[Source data]
##############################

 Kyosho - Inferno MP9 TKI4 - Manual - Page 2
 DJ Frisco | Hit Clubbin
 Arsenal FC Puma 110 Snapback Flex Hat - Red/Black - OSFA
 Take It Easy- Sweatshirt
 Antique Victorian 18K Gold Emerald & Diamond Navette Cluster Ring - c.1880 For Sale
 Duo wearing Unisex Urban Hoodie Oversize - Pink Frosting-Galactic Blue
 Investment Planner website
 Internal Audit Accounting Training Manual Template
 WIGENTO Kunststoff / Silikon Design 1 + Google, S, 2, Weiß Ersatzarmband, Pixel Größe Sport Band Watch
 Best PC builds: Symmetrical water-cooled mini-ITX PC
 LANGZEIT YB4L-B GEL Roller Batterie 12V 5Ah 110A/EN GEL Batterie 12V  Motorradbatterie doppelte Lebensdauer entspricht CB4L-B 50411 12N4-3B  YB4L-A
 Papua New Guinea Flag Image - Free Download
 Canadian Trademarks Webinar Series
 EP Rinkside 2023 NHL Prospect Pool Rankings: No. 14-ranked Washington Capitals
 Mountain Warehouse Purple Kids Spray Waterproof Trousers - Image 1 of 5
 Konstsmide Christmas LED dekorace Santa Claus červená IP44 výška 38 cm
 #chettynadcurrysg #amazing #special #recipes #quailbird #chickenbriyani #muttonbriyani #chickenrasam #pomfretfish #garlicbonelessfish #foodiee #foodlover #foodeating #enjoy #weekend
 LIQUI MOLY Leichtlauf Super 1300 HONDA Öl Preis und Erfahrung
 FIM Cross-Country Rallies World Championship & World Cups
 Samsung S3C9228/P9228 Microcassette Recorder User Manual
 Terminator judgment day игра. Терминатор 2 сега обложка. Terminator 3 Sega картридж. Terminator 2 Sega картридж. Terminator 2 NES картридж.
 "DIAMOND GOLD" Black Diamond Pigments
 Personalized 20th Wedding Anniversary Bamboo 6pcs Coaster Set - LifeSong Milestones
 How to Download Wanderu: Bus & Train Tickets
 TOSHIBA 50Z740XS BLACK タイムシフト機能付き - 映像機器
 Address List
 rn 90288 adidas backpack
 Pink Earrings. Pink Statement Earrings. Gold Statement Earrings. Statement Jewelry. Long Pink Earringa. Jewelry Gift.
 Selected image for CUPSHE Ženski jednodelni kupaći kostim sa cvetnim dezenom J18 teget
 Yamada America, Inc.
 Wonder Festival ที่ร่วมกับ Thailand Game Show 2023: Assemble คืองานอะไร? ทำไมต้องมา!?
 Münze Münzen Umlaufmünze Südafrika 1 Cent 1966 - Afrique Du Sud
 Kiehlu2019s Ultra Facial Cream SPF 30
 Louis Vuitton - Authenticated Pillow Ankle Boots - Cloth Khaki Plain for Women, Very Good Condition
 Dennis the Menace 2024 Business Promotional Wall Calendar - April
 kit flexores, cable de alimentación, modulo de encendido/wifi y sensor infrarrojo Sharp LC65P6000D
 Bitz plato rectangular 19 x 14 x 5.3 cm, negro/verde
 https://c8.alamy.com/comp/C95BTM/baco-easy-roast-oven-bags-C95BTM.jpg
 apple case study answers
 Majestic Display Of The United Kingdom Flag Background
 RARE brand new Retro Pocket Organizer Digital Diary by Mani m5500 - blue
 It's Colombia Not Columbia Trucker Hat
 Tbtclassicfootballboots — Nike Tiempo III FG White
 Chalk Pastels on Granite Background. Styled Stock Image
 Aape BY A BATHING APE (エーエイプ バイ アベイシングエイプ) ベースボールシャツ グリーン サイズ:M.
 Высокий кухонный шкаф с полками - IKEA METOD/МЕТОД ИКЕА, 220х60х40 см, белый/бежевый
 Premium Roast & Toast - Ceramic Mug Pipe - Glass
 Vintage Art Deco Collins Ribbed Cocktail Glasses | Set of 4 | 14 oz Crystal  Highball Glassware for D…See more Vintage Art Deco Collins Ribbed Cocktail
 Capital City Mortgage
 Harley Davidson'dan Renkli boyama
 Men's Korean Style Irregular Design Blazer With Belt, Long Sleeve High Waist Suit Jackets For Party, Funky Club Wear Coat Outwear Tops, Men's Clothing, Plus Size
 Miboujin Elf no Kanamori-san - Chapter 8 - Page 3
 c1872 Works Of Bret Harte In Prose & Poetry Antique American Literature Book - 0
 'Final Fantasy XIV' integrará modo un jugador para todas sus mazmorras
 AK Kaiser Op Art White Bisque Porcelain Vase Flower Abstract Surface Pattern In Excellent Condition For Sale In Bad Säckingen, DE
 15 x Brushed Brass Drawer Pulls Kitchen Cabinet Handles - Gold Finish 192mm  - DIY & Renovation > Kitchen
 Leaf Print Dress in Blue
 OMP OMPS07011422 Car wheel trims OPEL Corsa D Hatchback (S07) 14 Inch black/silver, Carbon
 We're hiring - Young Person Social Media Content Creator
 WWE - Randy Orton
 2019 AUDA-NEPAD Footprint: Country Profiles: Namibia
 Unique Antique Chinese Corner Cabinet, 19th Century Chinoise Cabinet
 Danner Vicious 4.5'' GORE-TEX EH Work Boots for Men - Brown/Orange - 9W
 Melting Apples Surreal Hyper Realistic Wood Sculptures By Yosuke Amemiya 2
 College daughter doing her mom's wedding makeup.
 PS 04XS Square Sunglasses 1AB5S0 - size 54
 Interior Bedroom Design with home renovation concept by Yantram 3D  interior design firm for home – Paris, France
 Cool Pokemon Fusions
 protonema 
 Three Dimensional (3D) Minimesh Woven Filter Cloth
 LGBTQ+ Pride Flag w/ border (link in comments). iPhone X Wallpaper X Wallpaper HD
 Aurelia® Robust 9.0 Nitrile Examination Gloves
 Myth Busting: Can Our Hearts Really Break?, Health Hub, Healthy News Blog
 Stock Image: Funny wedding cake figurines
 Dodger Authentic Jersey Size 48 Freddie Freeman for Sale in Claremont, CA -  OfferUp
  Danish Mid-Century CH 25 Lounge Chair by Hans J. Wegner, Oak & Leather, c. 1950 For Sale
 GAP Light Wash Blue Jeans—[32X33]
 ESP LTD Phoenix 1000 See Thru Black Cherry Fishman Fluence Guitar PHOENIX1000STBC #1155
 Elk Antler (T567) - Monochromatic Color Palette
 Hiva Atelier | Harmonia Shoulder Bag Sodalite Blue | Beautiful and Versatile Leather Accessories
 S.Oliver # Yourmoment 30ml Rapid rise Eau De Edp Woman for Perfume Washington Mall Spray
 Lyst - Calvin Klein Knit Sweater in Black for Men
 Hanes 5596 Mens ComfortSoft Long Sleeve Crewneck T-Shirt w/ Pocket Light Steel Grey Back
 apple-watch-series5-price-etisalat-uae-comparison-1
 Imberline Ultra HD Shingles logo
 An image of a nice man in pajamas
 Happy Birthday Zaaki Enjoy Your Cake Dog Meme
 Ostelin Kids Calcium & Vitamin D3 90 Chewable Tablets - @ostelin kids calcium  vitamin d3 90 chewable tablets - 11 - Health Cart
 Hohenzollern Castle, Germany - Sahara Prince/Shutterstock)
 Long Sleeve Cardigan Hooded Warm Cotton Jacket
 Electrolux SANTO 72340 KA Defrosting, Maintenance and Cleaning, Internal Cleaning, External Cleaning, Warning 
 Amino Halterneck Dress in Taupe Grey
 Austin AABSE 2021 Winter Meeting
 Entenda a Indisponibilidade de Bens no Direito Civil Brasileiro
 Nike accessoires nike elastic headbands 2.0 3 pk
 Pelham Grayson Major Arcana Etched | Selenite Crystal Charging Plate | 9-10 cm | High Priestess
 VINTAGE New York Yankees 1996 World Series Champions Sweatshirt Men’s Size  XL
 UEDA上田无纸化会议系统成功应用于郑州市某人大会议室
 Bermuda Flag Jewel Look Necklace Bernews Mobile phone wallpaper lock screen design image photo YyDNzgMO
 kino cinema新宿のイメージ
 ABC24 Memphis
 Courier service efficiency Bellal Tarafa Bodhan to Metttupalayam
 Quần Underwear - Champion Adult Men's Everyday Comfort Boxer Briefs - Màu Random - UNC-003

##############################

● Directions for this task: Set down, exactly as they stand above, the lines starting with the line with "GAP Light Wash Blue Jeans—[32X33]" and going on through the line with "S.Oliver # Yourmoment", and no others.

● Your solution:
 GAP Light Wash Blue Jeans—[32X33]
 ESP LTD Phoenix 1000 See Thru Black Cherry Fishman Fluence Guitar PHOENIX1000STBC #1155
 Elk Antler (T567) - Monochromatic Color Palette
 Hiva Atelier | Harmonia Shoulder Bag Sodalite Blue | Beautiful and Versatile Leather Accessories
 S.Oliver # Yourmoment 30ml Rapid rise Eau De Edp Woman for Perfume Washington Mall Spray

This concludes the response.